Juan José Domínguez era uno de los gatos llegados a su Sevilla natal al olor de las
sardinas. Aunque por su cabeza siempre rondaba la manera de desestabilizar el
régimen, de forma que ellos, los verdaderos falangistas de José Antonio, recuperaran
el poder que se les estaba arrebatando, la idea de atentar contra Franco se le antojaba
demasiado peligrosa, por no decir innecesaria. Parecía claro que Hitler ganaría la
guerra europea, y entonces todo cambiaría, por lo que resultaba más inteligente
esperar a que esto sucediera... antes de que un arrebato lo llevara por otro camino.
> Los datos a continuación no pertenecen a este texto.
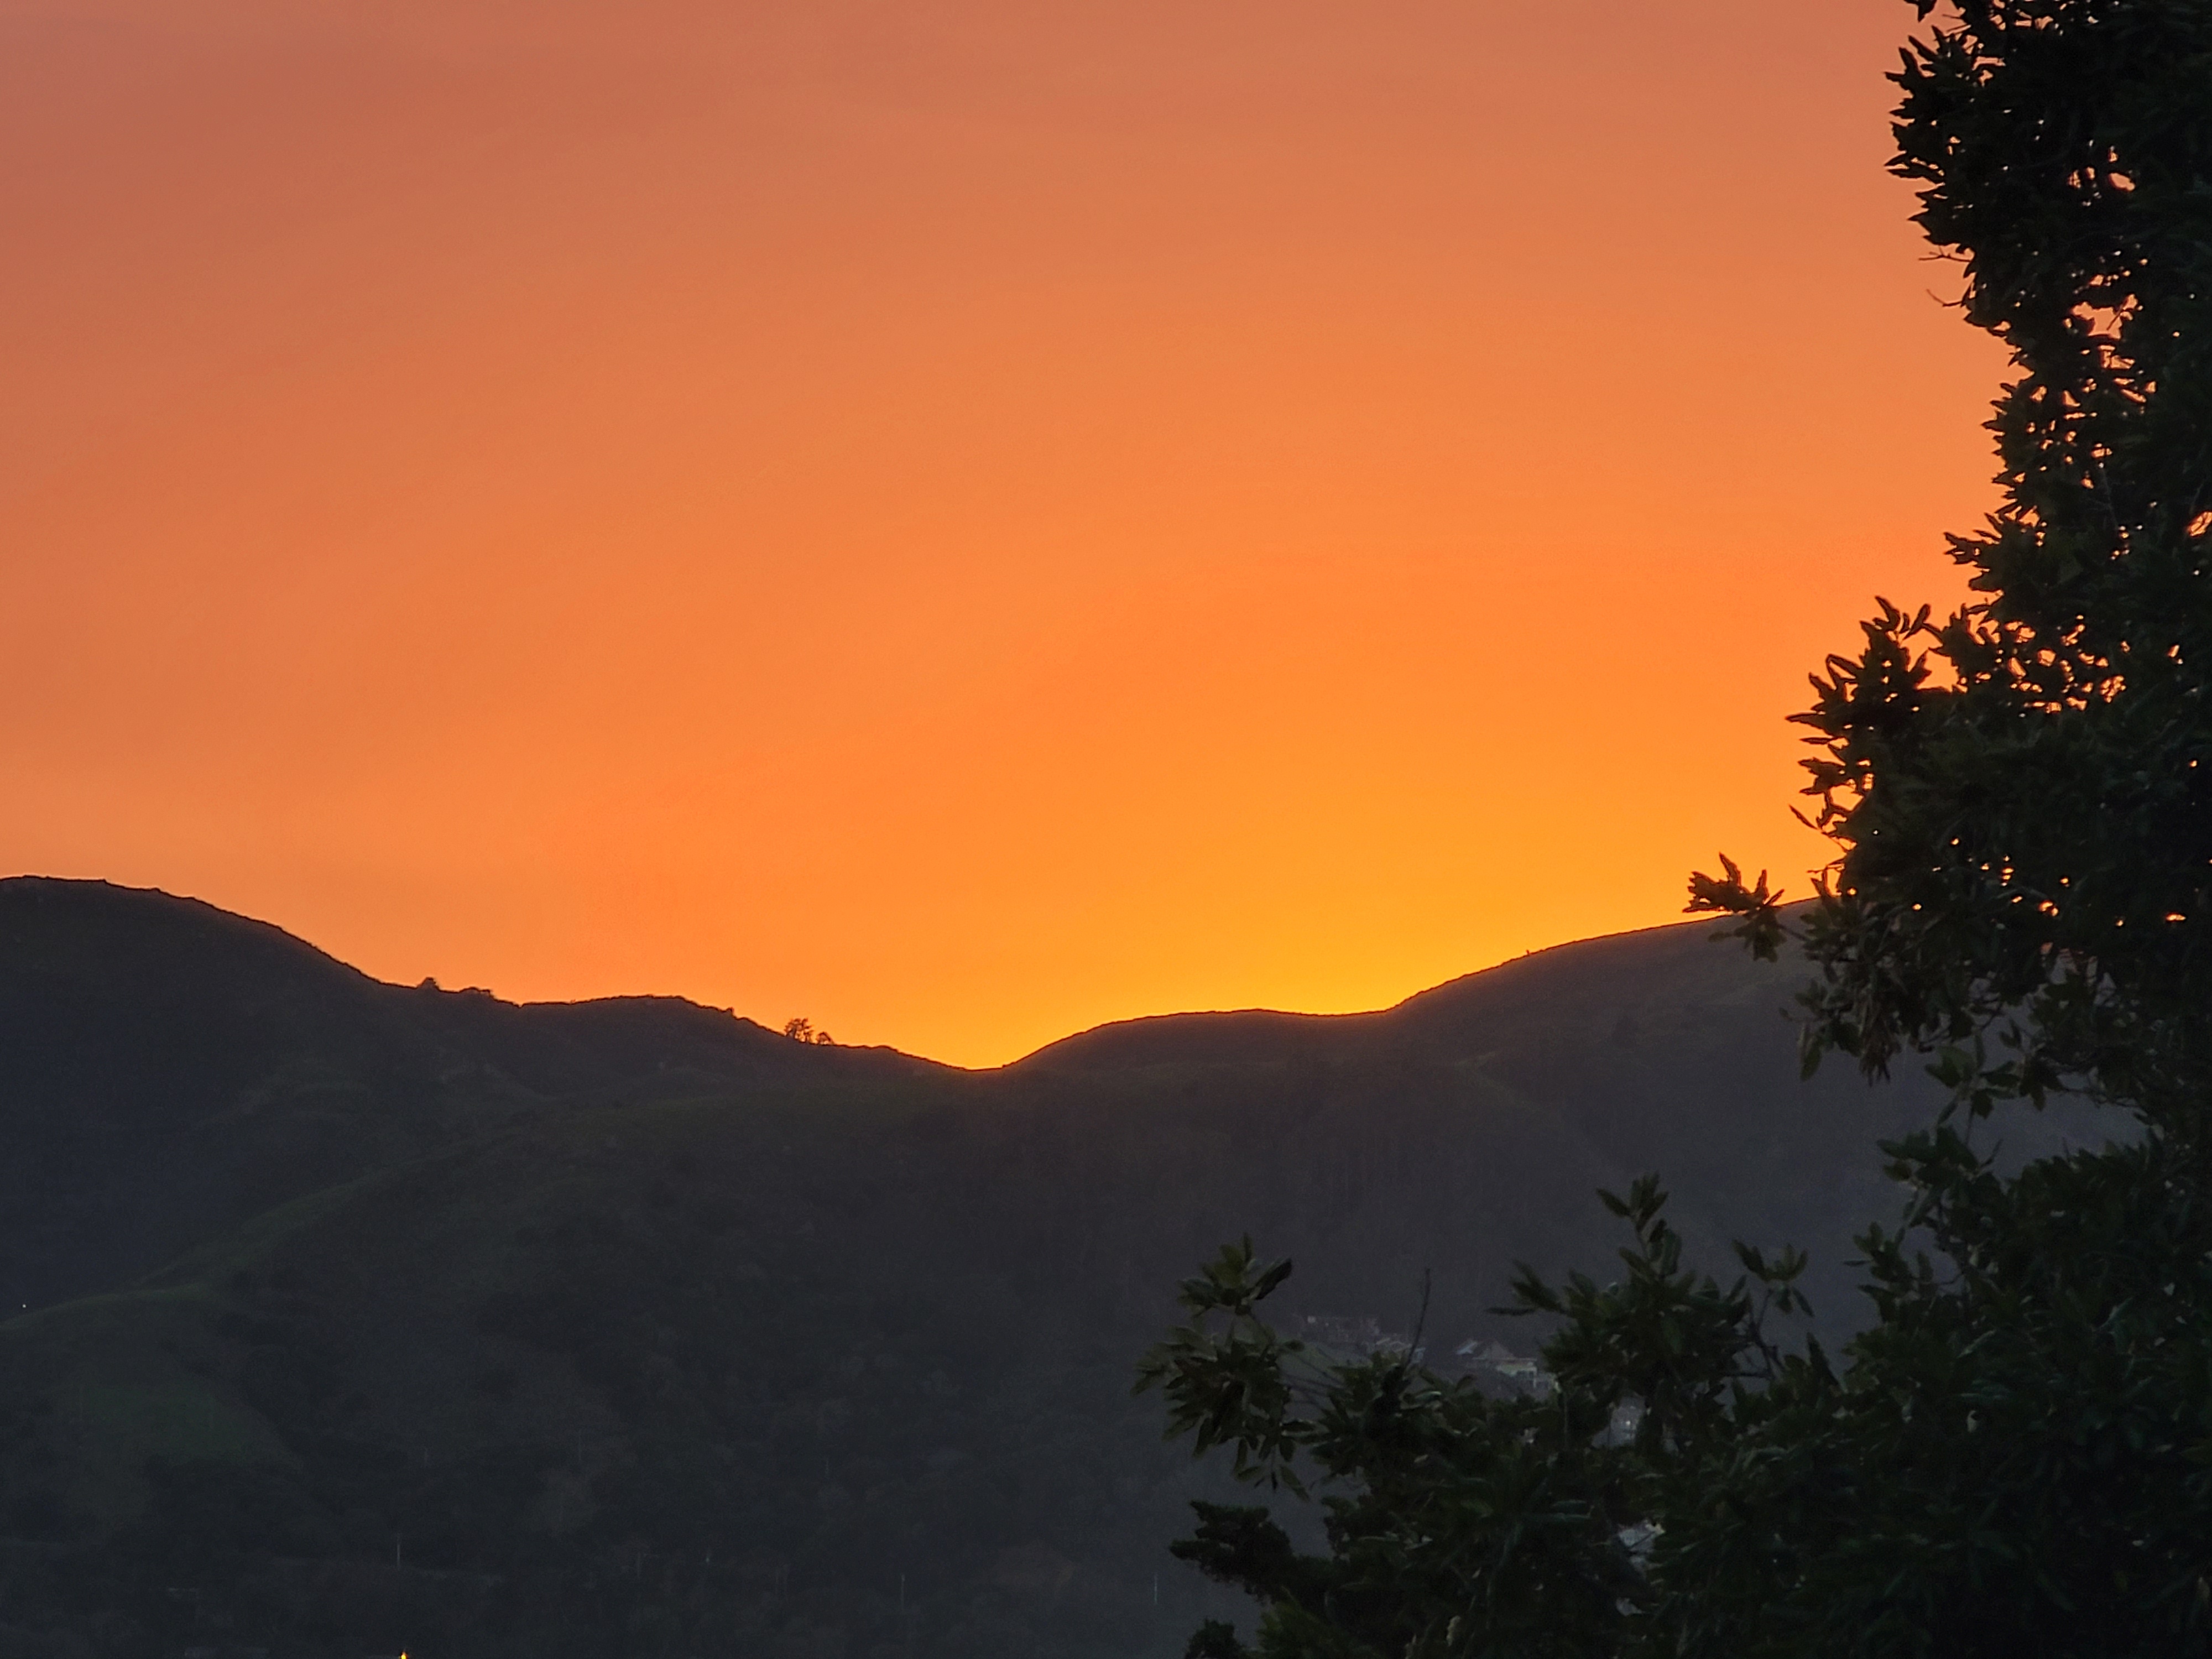 Sunset over Marin

Entre la cantidad de chismes que había llegado a sus oídos, se encontraba el de
que Fausto Beneroso, un camisa azul de la vieja guardia, aficionado a las carreras de
coches y a los rifles de largo alcance, andaba por Sevilla. Sin embargo, Domínguez no
tenía noticias fiables de aquel algecireño huraño, compañero de confabulaciones y con
el que había participado en los preparativos de una acción militar alemana contra el
Peñón de Gibraltar, colaborando en el tendido de un cable desde Francia hasta La
Línea de la Concepción que facilitara las comunicaciones ante una eventual invasión.
Lo menos que se podía imaginar Domínguez era que estaba siendo objeto de
seguimiento por parte de un mercenario del régimen con ínfulas de policía. Pepe el
Tumba buscaba un puesto dentro de la recién creada Brigada de Investigación Social,
conocida con el apodo de La Secreta, una unidad encargada de aniquilar a los
movimientos de oposición al franquismo con métodos practicados al margen del
control judicial y cuyo instructor era Paul Winzer, máximo representante de la Gestapo
en España. Por nada del mundo dejaría escapar una oportunidad así.
Acodado en el mostrador de El Rinconcillo, el Tumba confiaba en un golpe de
suerte que borrara sus antecedentes como violador para poder integrarse en el Cuerpo
General de Policía. Aparentando estar concentrado en su vaso de vino, aquel hombre
de torva mirada permanecía atento a las conversaciones que Victoriano, el encargado
del local, mantenía con los policías de la Brigada de Investigación Criminal, la sección
que perseguía los delitos comunes. Las precarias condiciones de la vieja comisaría de
la calle Peral, así como su mala ubicación, habían convertido aquella añeja taberna y
tienda de ultramarinos regentada por montañeses en el lugar que centralizaba la
información, órdenes y distribución del servicio de la policía durante las primeras
horas de la noche.
La carencia de radio, y el hecho de que la brigada solo dispusiese de un coche con
un mísero cupo de ocho litros de gasolina al mes, no facilitaba las comunicaciones.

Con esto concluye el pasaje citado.